夏天愣愣地看了她一会儿,终于笑道:“我现在已经退化了,没有那种一眼看穿人心的本领了,那是骗子和警察的本领,可惜我当初选择的是做骗子。安欣你能想象么?”
在香山的风里,安欣局促般地裹了一下交抱在一起的胳膊,笑道:“一个人怎么可能准确地想象出另一个人的生活?不过,我真的无法一下子把你跟骗子两个字联系到一起。”
“就是骗子。”夏天说得居然有些急迫,好像生怕别人不把他当骗子看:“我当初就是个骗子,善于天花乱坠的骗子,你知道古津教授曾经被我骗上贼船的事情吗?呵呵,你肯定不知道。”
“什么?”
“他肯定不会对别人讲的,可在我心里,这永远是个疙瘩,不过我现在已经不把这个当负担了,过去的事情我不想太多追究,经常地反思自己会叫我崩溃,良心的负担是最重的,一个商人不该背负那种负担。”
“你现在也是商人啊。”
“现在和过去不同,商人和商人不同,良心和良心也不同。”
安欣笑了一下,道:“我说不过你。那么,古教授的事是怎么回事?”
“没什么,只是当年我曾经叫业务员给他发函件、打电话,鼓动他同意把自己收录进《共和国精英大典》里,那时候古教授还是个讲师吧,一直想出成绩,最后居然禁不起我们的诱惑,汇了两千多块钱来当选精英人物,然后又是考核费又是发证书的,一共敲了古教授四千多块——上世纪九十年代的四千多块啊。整个过程,我当然不敢出面,但我了解古教授需要哪些东西,我了解他虚荣的方向在哪里,所以他最终叫他的得意门生给骗了个彻底,他给了我头头是道的学问,我给了他一堆写在废纸上的虚荣。”

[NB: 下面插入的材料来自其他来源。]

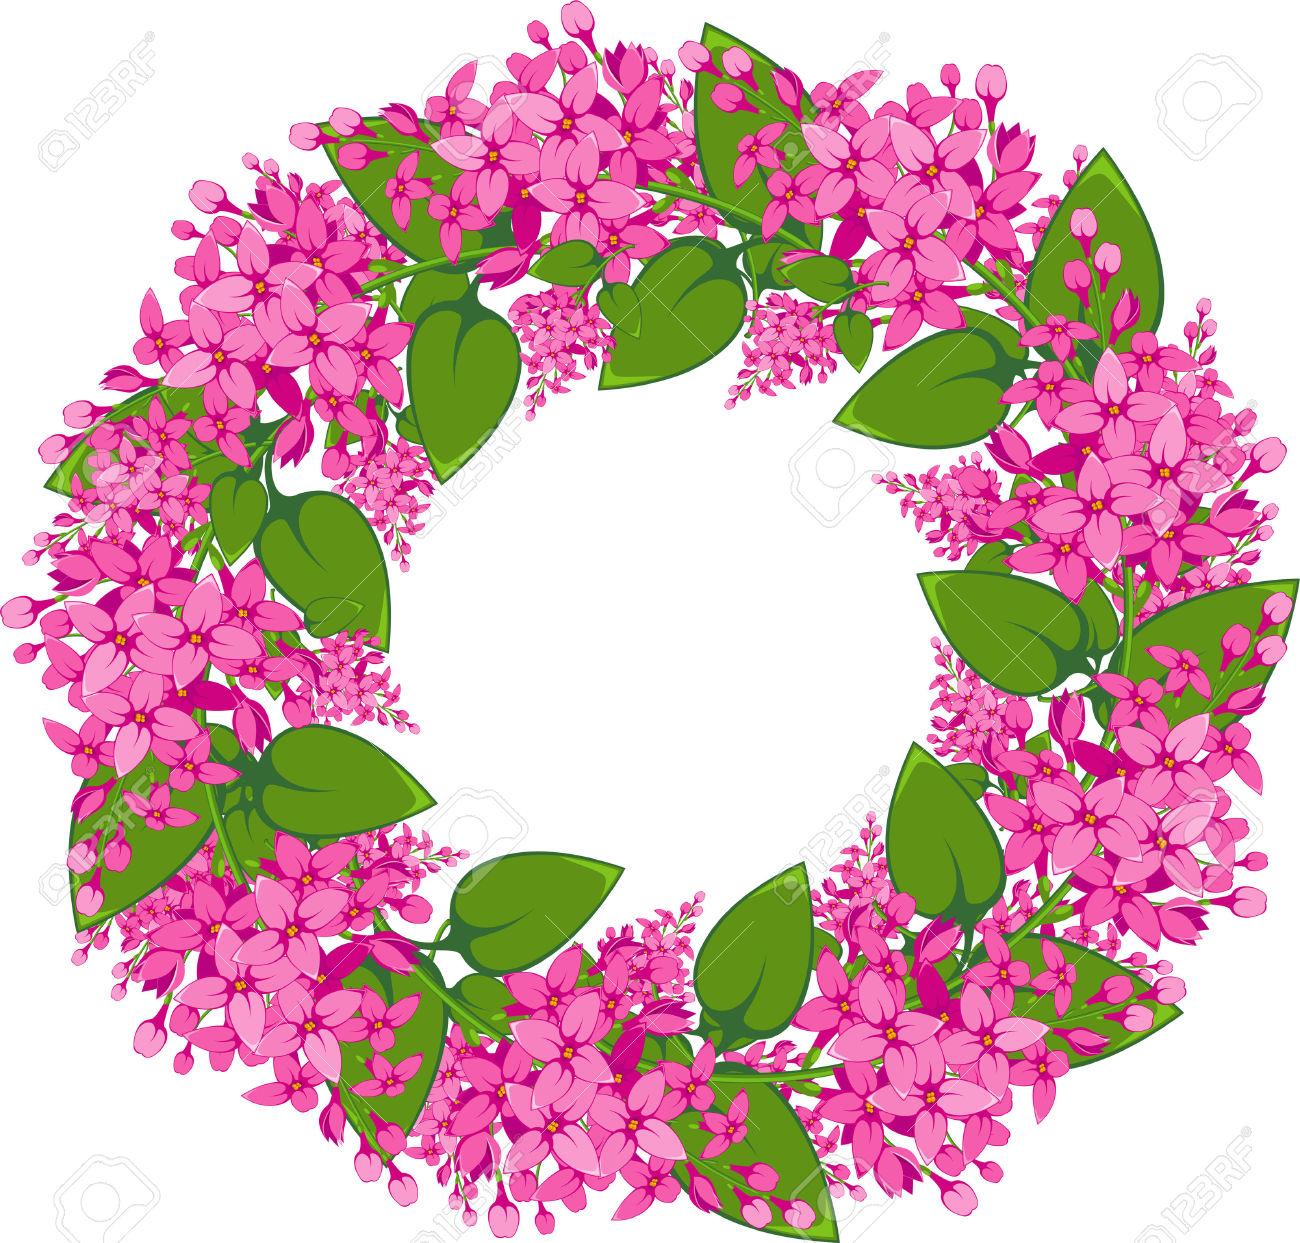 Wreath clipart spring wreath Clipart clipart wreath background flower
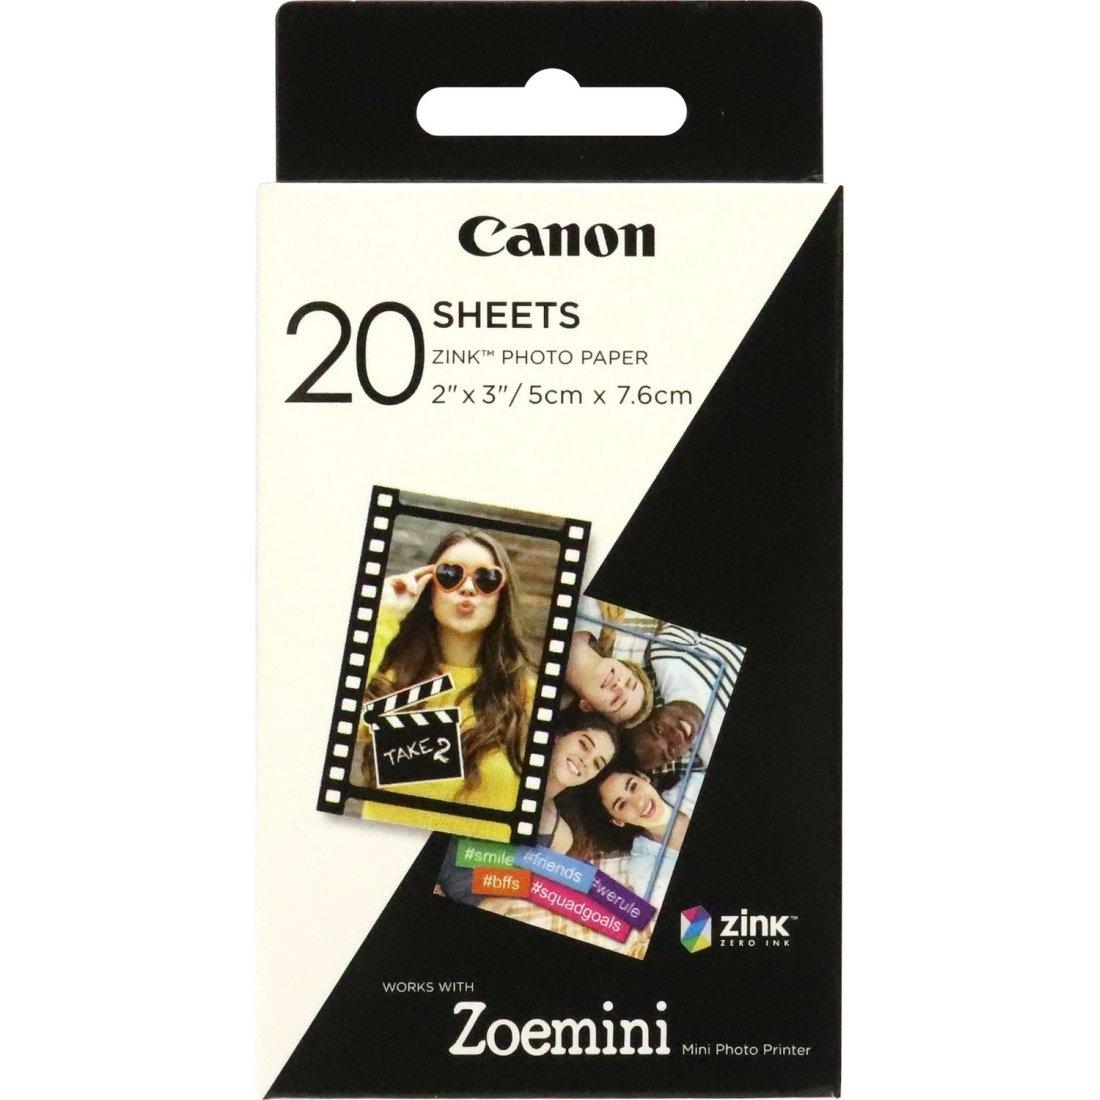 Canon ZP-2030 Zink Papier für Zoemini Drucker 20 Blatt

安欣笑了。她不知道该说什么好。而且她克制着,没有再多谈古津的话题,她怕她把古津的花花故事给说出来,她怕她拿捏不好语气和态度,怕自己在夏天眼里变成一个对别人的闲是闲非津津乐道的长舌妇。
夏天把手里的一片枫叶放开,看着它在风里拐了个奇怪的抛物线,歪斜着坠落,苦笑了一下:“这就是我的原始积累,是不是有些肮脏?”
换了别人,安欣会觉得肮脏,可对夏天,她只替他觉得无奈。
“人不可能一直走直路,你现在不是回来了嘛。”
“还没有回来,我只是刚刚走在回家的路上。”夏天笑着,望向绵延的红海洋,说:“你知道我现在的理想吗?”
安欣见他的目光收回来望着自己,不由迷惘地笑了一下,是啊,她怎么会知道他现在的理想,如果是十年前的夏天这样问她,她或许会很快地告诉他:“你是个诗人,而且你要成为更好的诗人。”可现在,她只能迷惘地笑着,同时她也知道夏天并没有要她帮他回答的意思。
“我能想到的理想,就是海子的‘面朝大海、春暖花开’。”夏天说着,目光又回到远处的山峰和林海里,安欣不知道他是否也和她一样看见了那几只几乎融化在蓝天里的鸟。她只听见他继续说着:“在一个没有纷争的地方,有一间静谧的小屋,读读书,享受难得的安然。还要有几个知心的朋友,偶尔小聚,谈天说地,却不问世间的乱事,只有歌酒情怀。人生能有这样的结尾,是多么惬意的一件事——哈,我是不是太虚幻了?”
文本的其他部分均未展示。